Tuesday, January 06, 2009

Blending the link and query-click graphs

A fun paper out of Yahoo Research, "Dr. Searcher and Mr. Browser: A Unified Hyperlink-Click Graph" (PDF), looks at the value of combining two graphs that search engines typically use as part of static and dynamic ranking, the query-click bipartite graph (which shows what pages people click on immediately after searching) and the link graph (which shows hyperlinks between pages on the Web).

The query-click graph is a bipartite graph with queries on one side and clicked documents on the other. A query (e.g. [greg linden]) is linked to a document (e.g. http://glinden.blogspot.com) if people who make the query click on that document. The links are usually weighted by the probability that someone clicks on the document given that search query. Search engines get the query-click graph by parsing their query logs. Random walks of the query-click graph have been a popular research topic for finding similar queries and similar documents.

The hyperlink graph is a graph where web pages are nodes and a link from one page to another is a directed edge in the graph. Search engines get a link graph by crawling the Web and parsing all the html of all the pages. Random walks of the link graph are used to find related documents and by algorithms such as PageRank to compute the authority of web pages.

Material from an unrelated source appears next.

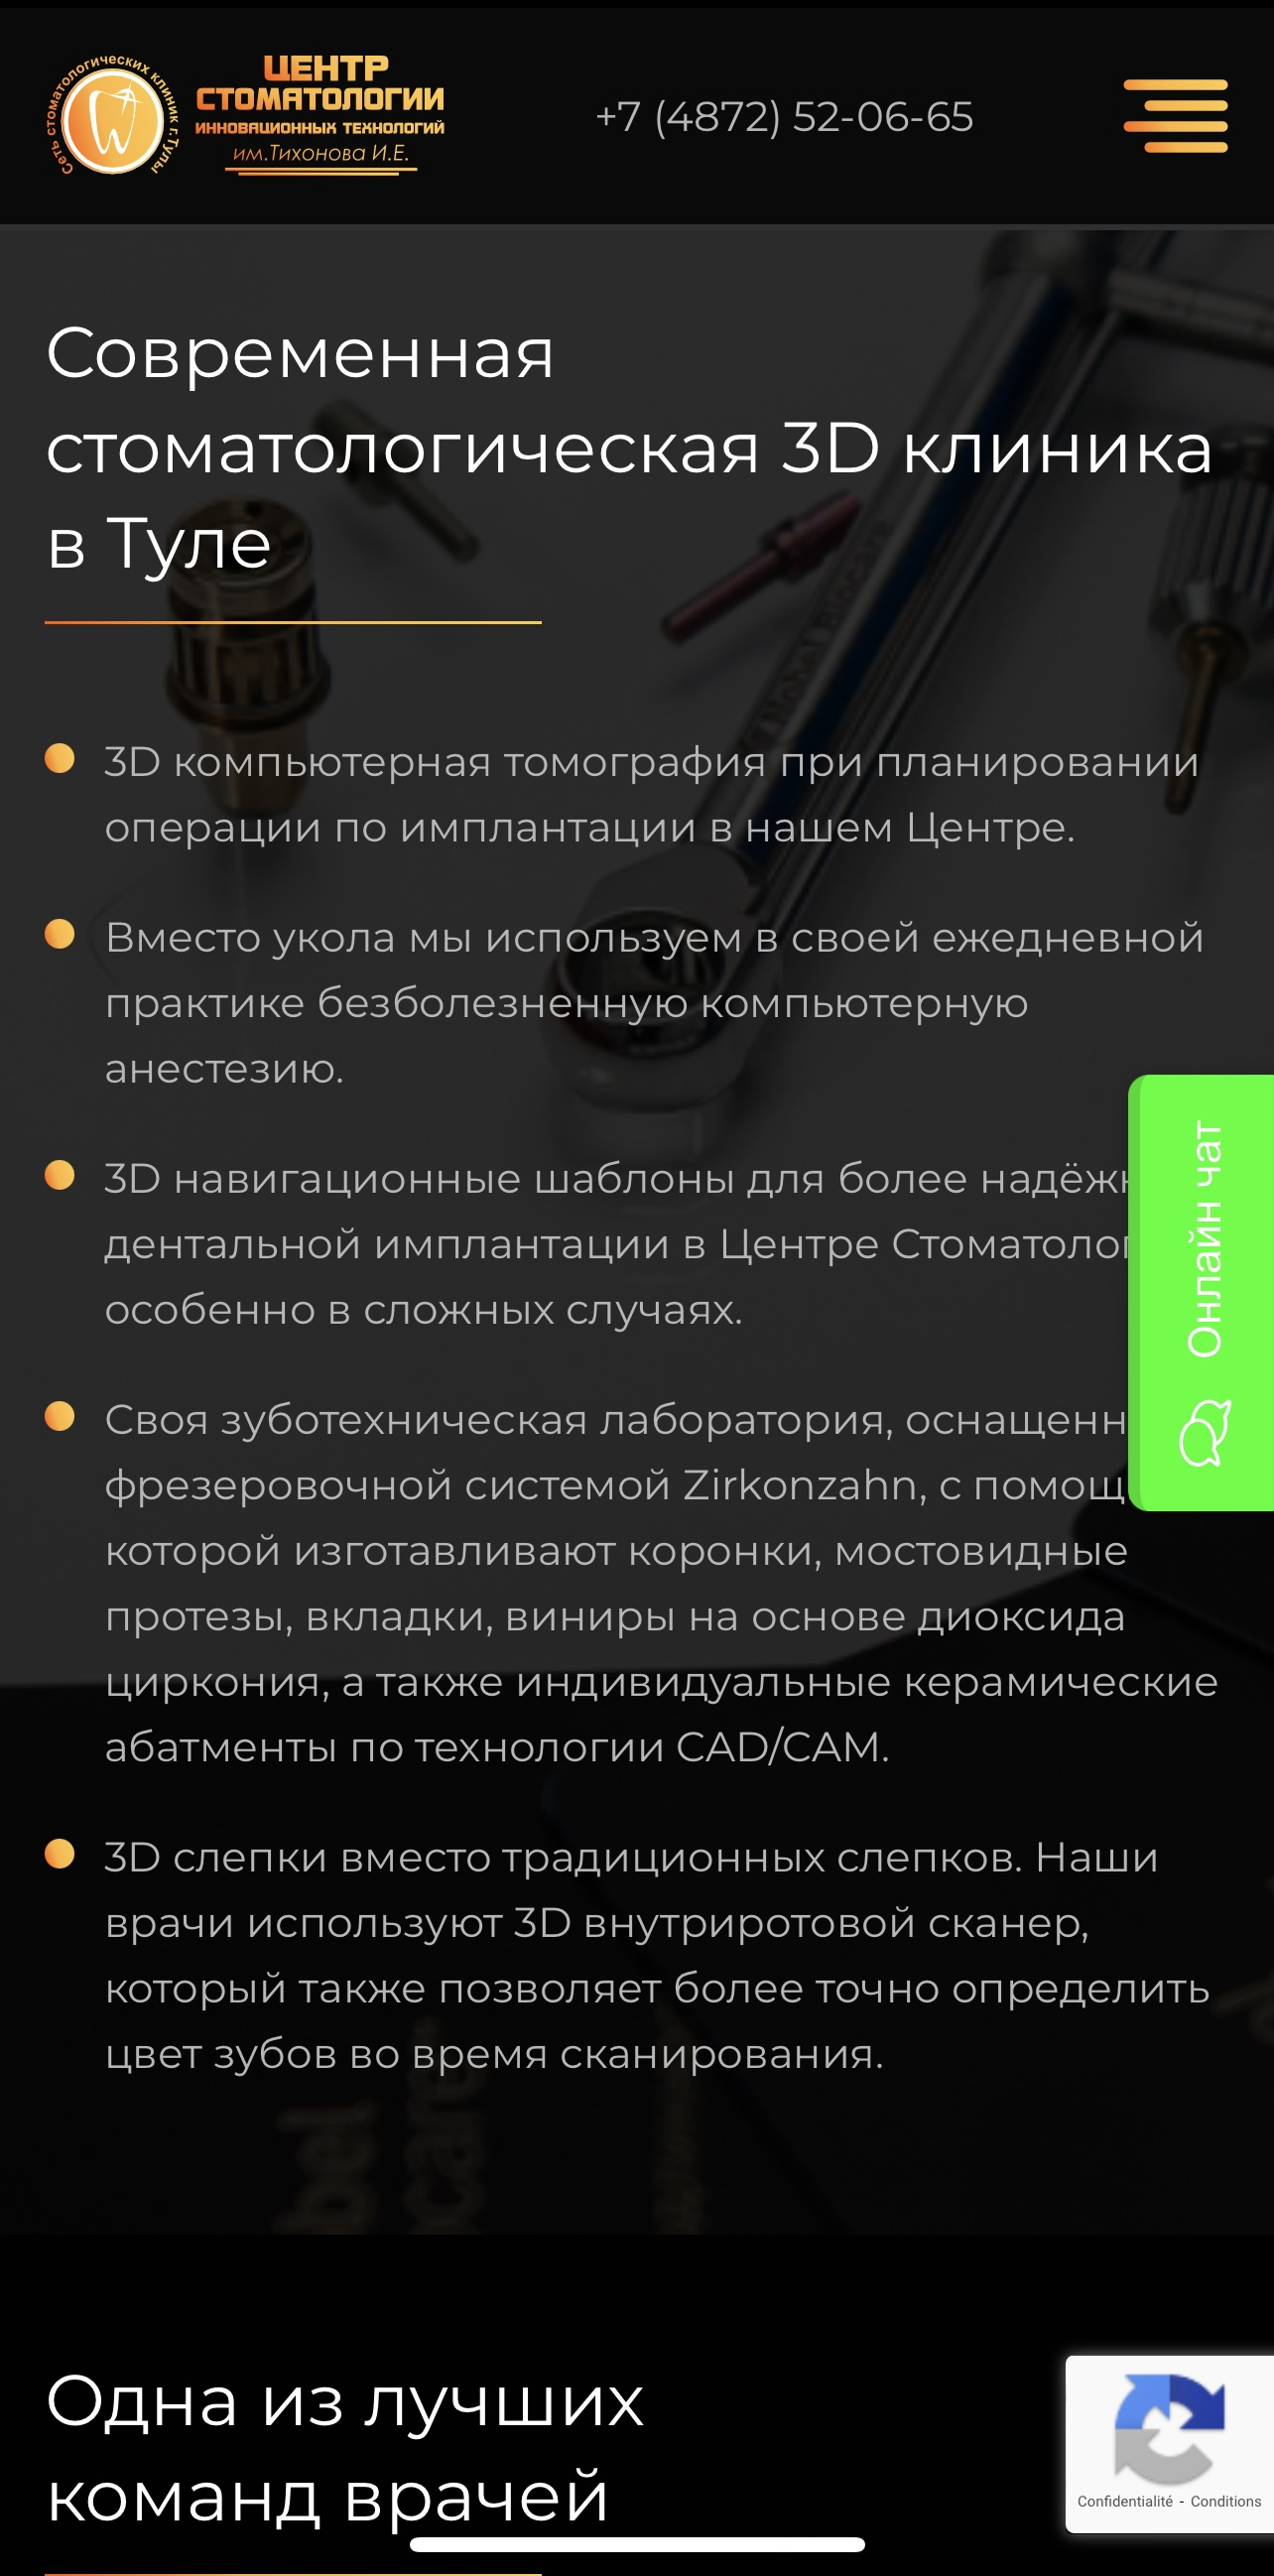 implantnobel.tuladent.ru / О клинике

The authors of this Yahoo paper had the idea of combining the two graphs and doing random walks of the combined graph. In particular, they model searchers starting with a query, then clicking, then randomly walking the hyperlink graph, until they eventually search again. The goal is to more accurately model searcher behavior and more accurately find the pages people actually want when they search.

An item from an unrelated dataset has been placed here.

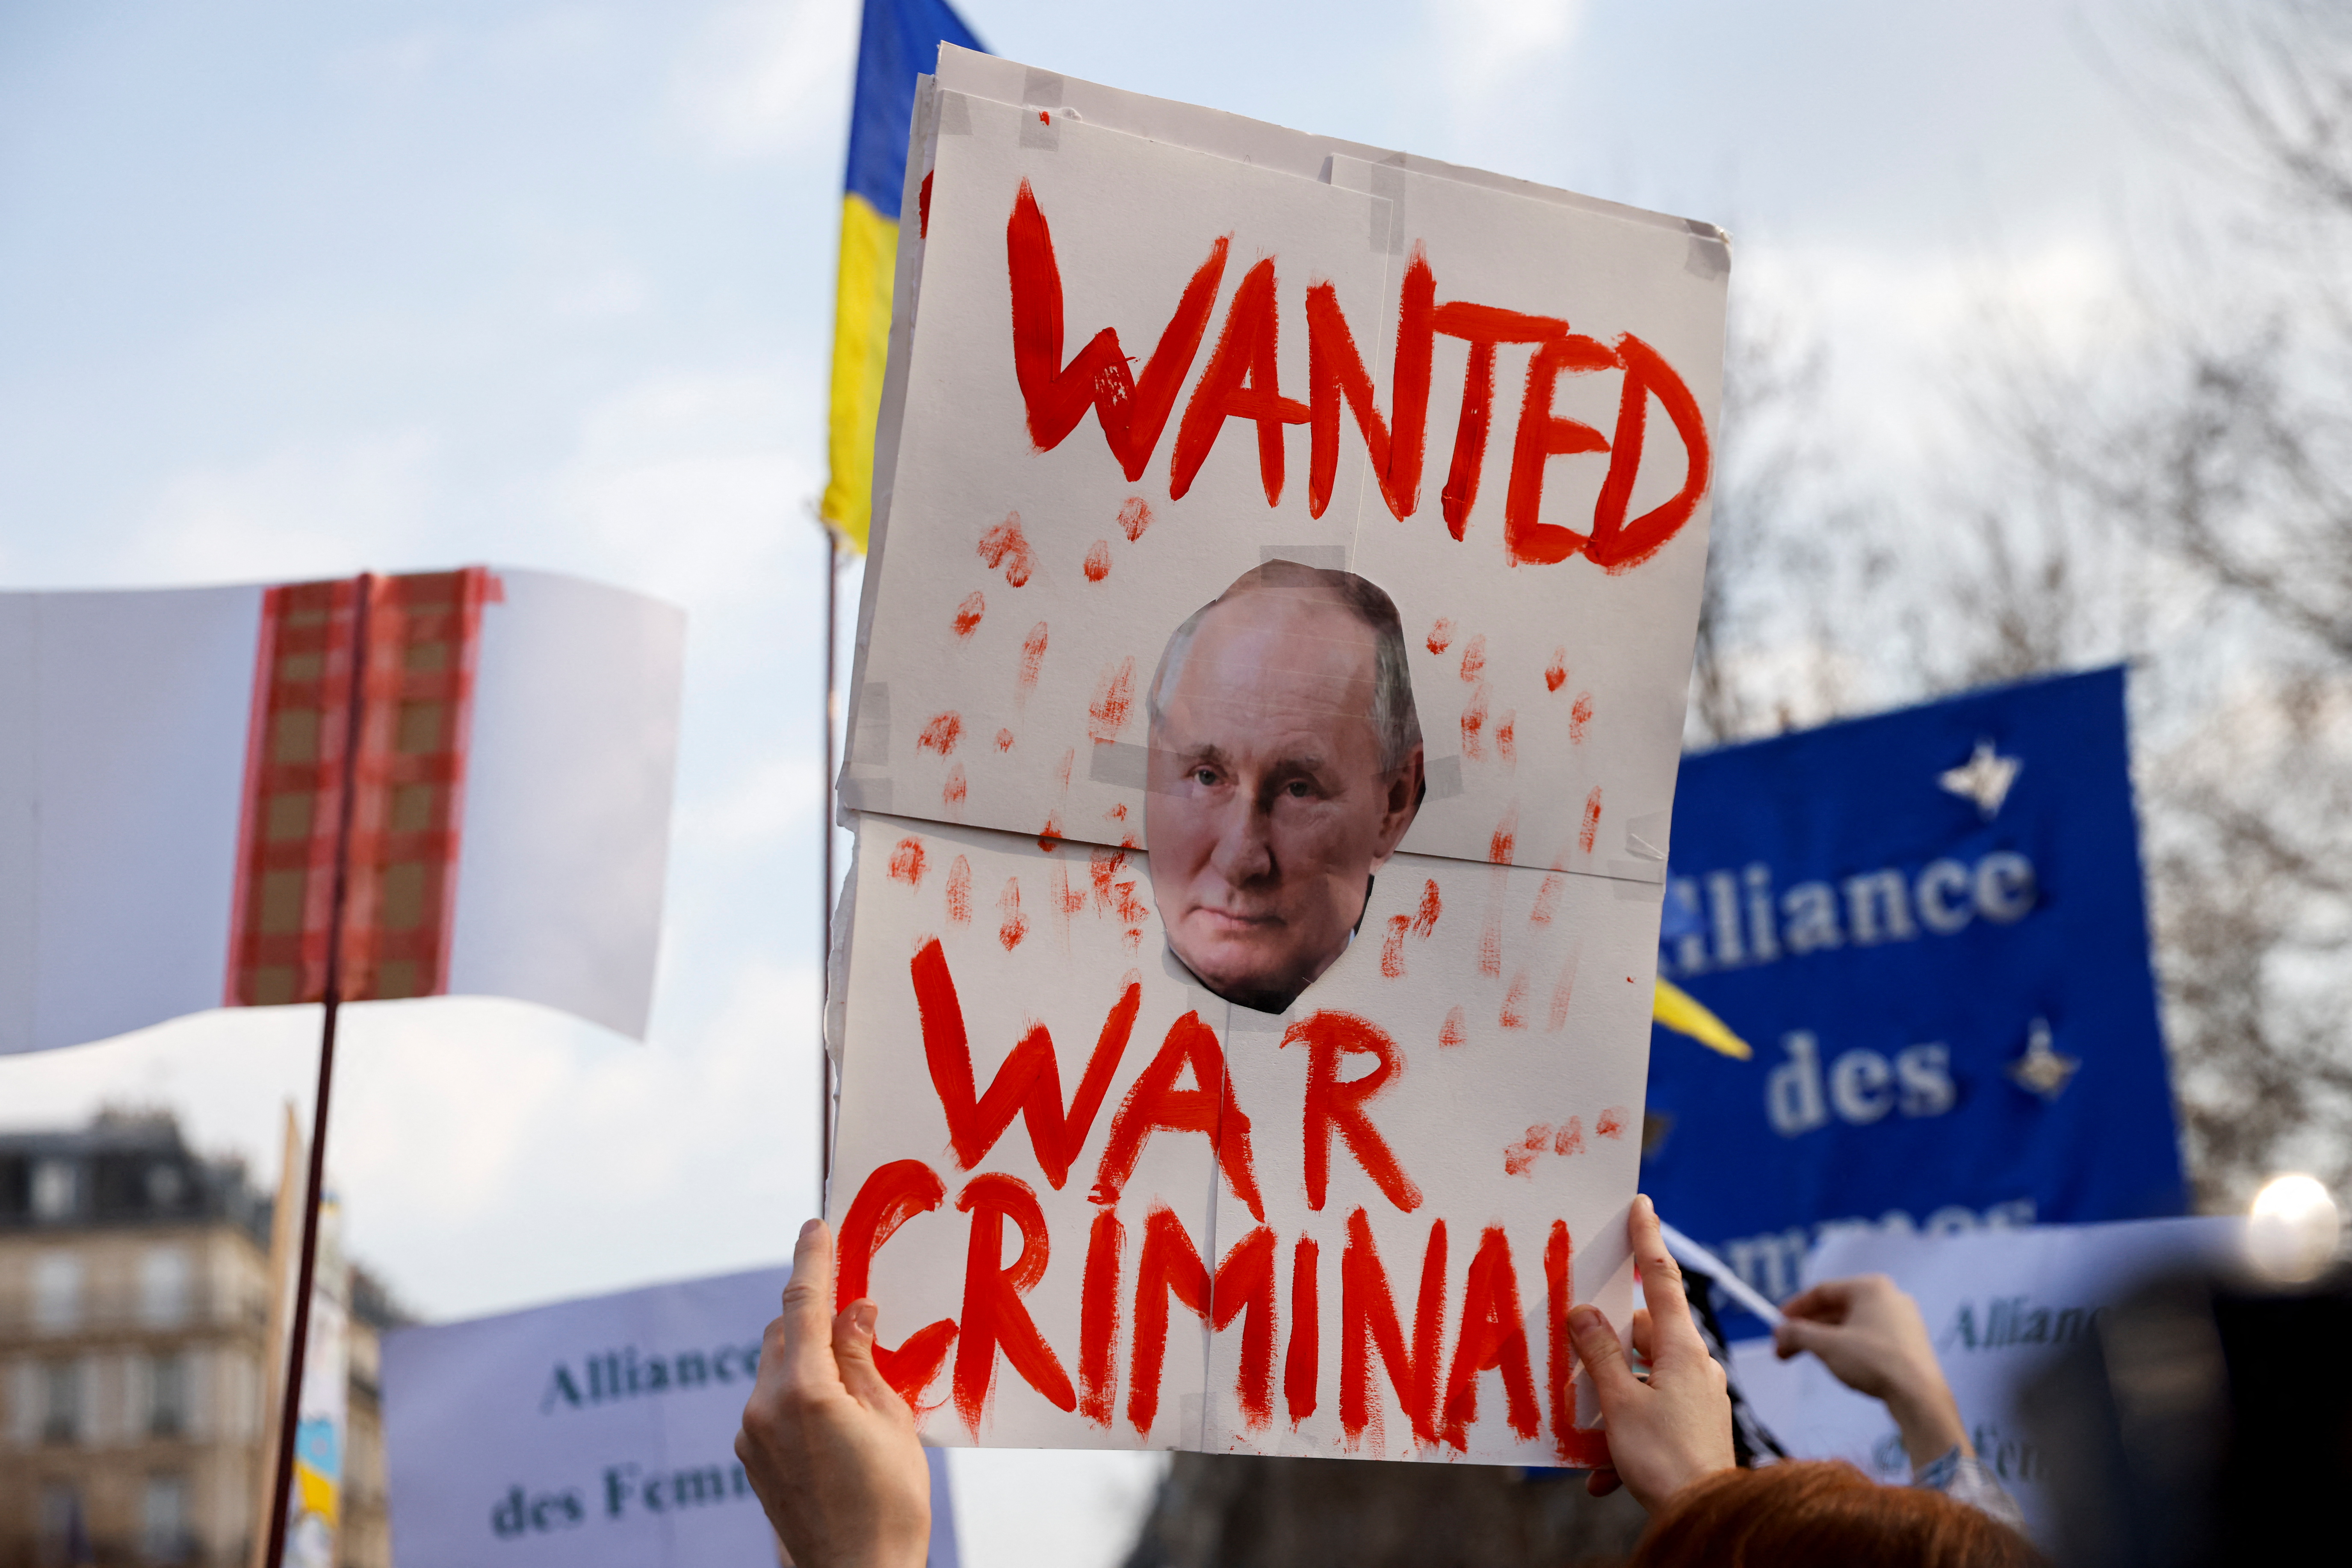 Carteles en contra de la invasión rusa a Ucrania y que señalan al jefe de estado ruso Vladimir Putin como un criminal de guerra pueden verse durante una protesta en las calles de París este 5 de marzo (Reuters)

I really like the idea and think it should be useful, but I cannot help but notice that the combined hyperlink and query-click graphs are trying to approximate how people actually move across the Web. If a search engine had good data on how people actually moved across the Web, it might not need this approximation.

For more on using data on how people actually move across the Web, please see my earlier posts, "Google Toolbar and the actual surfer model" and "Search trails and relevance".

1 comment:

Anonymous said...

The paper mentions in the conclusions that click-based ranking would be biased and should be used with other ranking methods because searchers would obviously click on the top results, which would lead to self-enforced ranking.

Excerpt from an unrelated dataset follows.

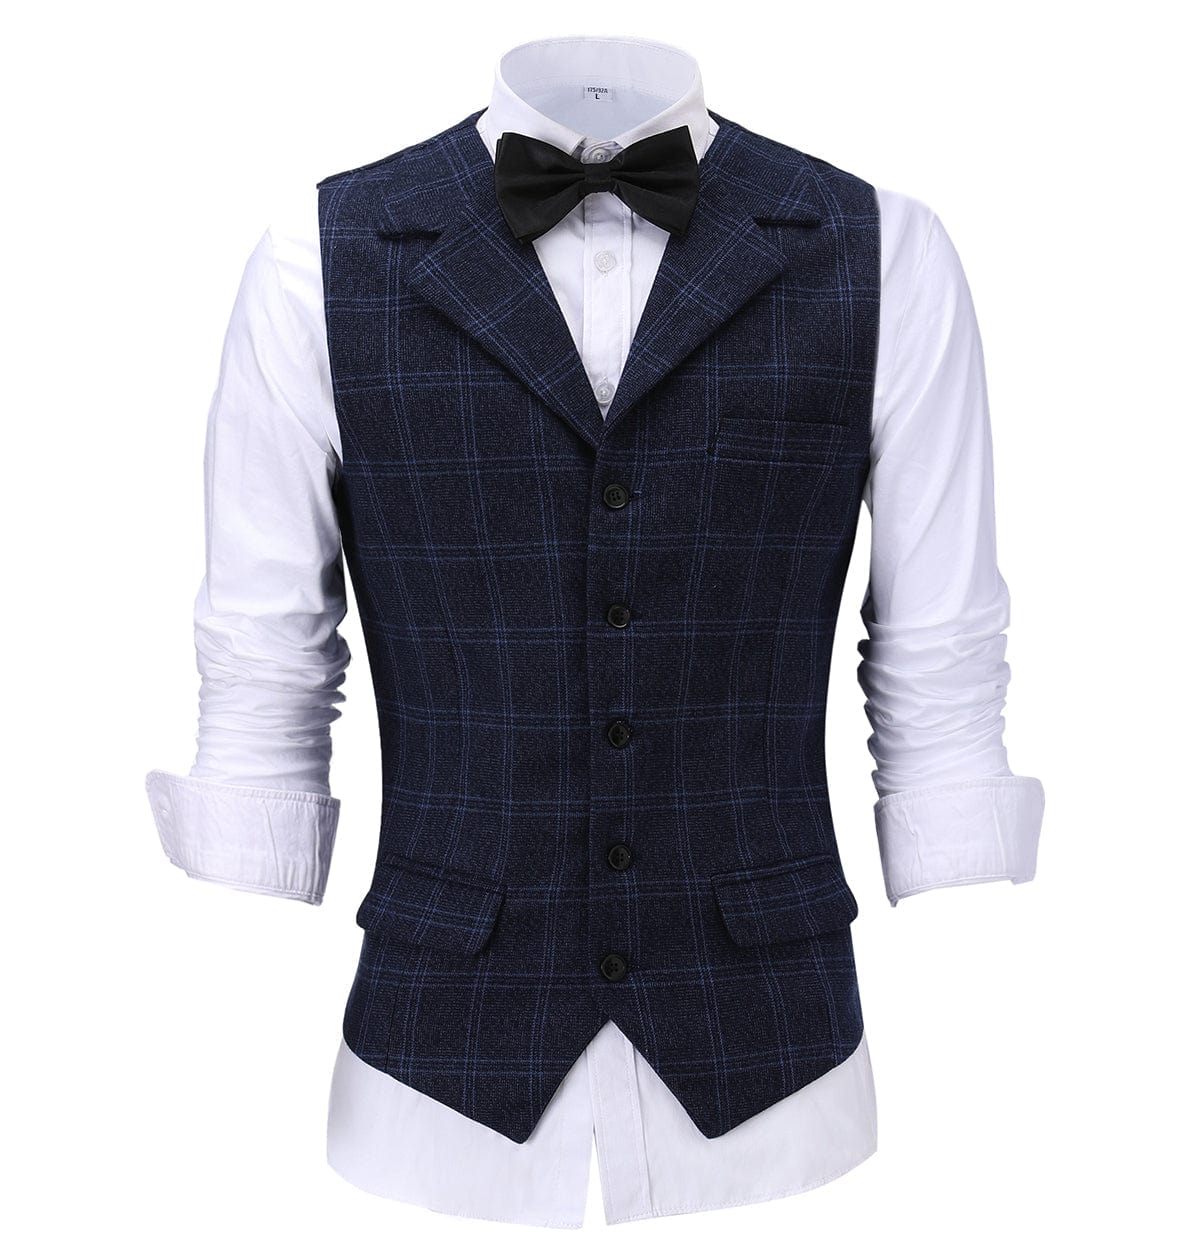 ceehuteey Men's Suit Vests Fashion Notch Lapel Waistcoat

But I think the top results are self-enforcing (to a lesser extent though) even in link-based models and others. There are a large number of bloggers who, if they want to link to some source, would typically do a search for their keywords and link to the top results.

This happens so much when people write those (still) famous '10 ways to do blah-blah-blah'. And these same posts then get promoted on social media, twitter, etc. So the combined effect would still be biased even if you use social media popularity, bookmarks, links, etc. for ranking purposes.

It would be interesting if there can be a research on measuring the average boost (per niche & ranking position) in additional links, click-throughs, bookmarking, etc. after a result comes to the first page, and then discounting that boost to find new results.

As a sidenote, I think algos can also use (if not using already) the lack of boost in links, bookmarks for first page results to demote them. Like if result #2 & #3 are linked, bookmarked, twittered more than #1 in a given time, that could mean #1 should be demoted.